- Directed by: Zaynê Akyol
- Written by: Zaynê Akyol
- Produced by: Sarah Mannering Fanny Drew Yanick Létourneau Mehmet Aktas Nathalie Cloutier Denis McCready
- Cinematography: Étienne Roussy
- Edited by: Mathieu Bouchard-Malo
- Music by: Christophe Lamarche-Ledoux
- Production companies: Périphéria Productions MitosFilm NFB
- Release date: 2016;
- Running time: 1:26:00
- Country: Canada

= Gulîstan, Land of Roses =

2016 documentary film by Zayne Akyol

Gulîstan, Land of Roses (French title: Gulîstan, terre de roses) is a 2016 feature-length documentary film about women guerillas in a Kurdistan Workers' Party (PKK) Free Women's Unit, in combat against the Islamic State of Iraq and the Levant (ISIL), directed by the Kurdish Montreal filmmaker Zaynê Akyol. Shot in Iraqi Kurdistan, the film is co-produced by Montreal's Périphéria Productions, Germany's MitosFilm and the National Film Board of Canada.

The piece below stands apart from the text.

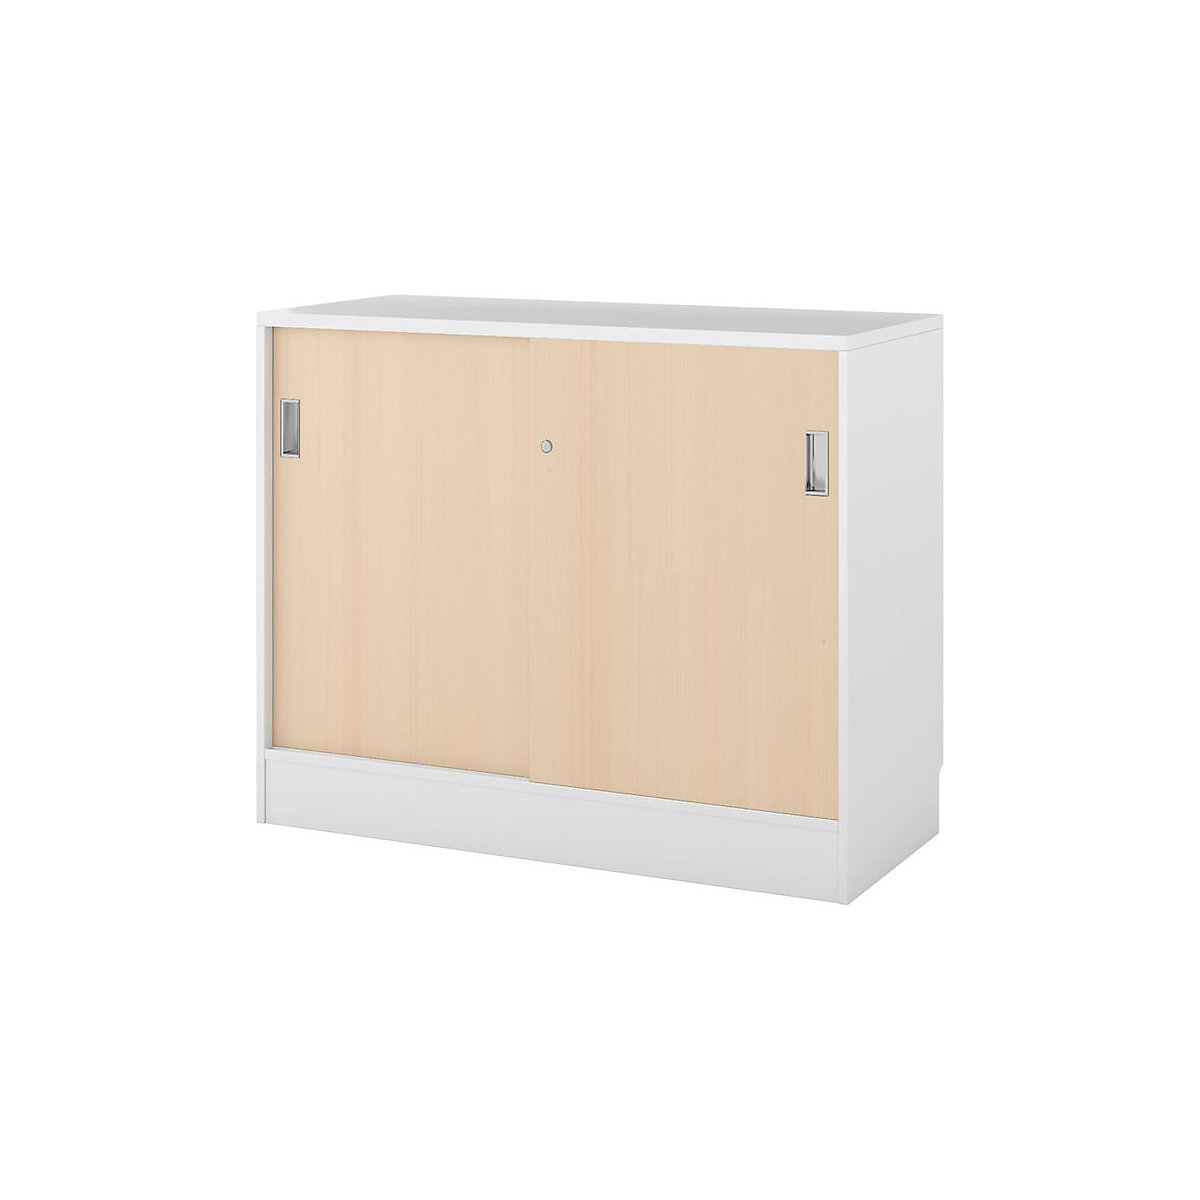 Chicago cupboard with sliding doors, HxWxD 948 x 1215 x 400 mm, brushed white / birch-3

The film was conceived and named for a woman, Gulîstan, who had been a role model for the director in her adopted home in Montreal, until she left to fight with the PKK. Akyol went to Iraq in 2010 in an unsuccessful effort to find her and make a film about her. Unable to locate Gulîstan, she found women who knew her, and the focus of the documentary shifted to telling Gulîstan's story through their memories of her. However, when she returned to Iraq to film in 2014, some of the women had died, while others were in combat. That made the focus of the film shift yet again to documenting the experiences of women like Gulîstan.

==Release and reception==
The film had its World Premiere during Visions du Réel festival in 2016, and had its Canadian premiere at the 2016 Hot Docs festival.

===Awards===
In August 2016, it won the Doc Alliance Selection Award, presented by a collective of seven European documentary film festivals during Locarno Festival in Switzerland.

In November 2016, the filmmaker received the award for Best New Talent from Quebec/Canada at the Rencontres internationales du documentaire de Montréal. In January 2017, the film was nominated at the 5th Canadian Screen Awards for Best Feature Length Documentary and Best Editing in a Documentary (Mathieu Bouchard-Malo.

Étienne Roussy won the Prix Iris for Best Cinematography in a Documentary at the 19th Quebec Cinema Awards in 2017. The film was also nominated for Best Documentary Film and Best Editing in a Documentary (Bouchard-Malo).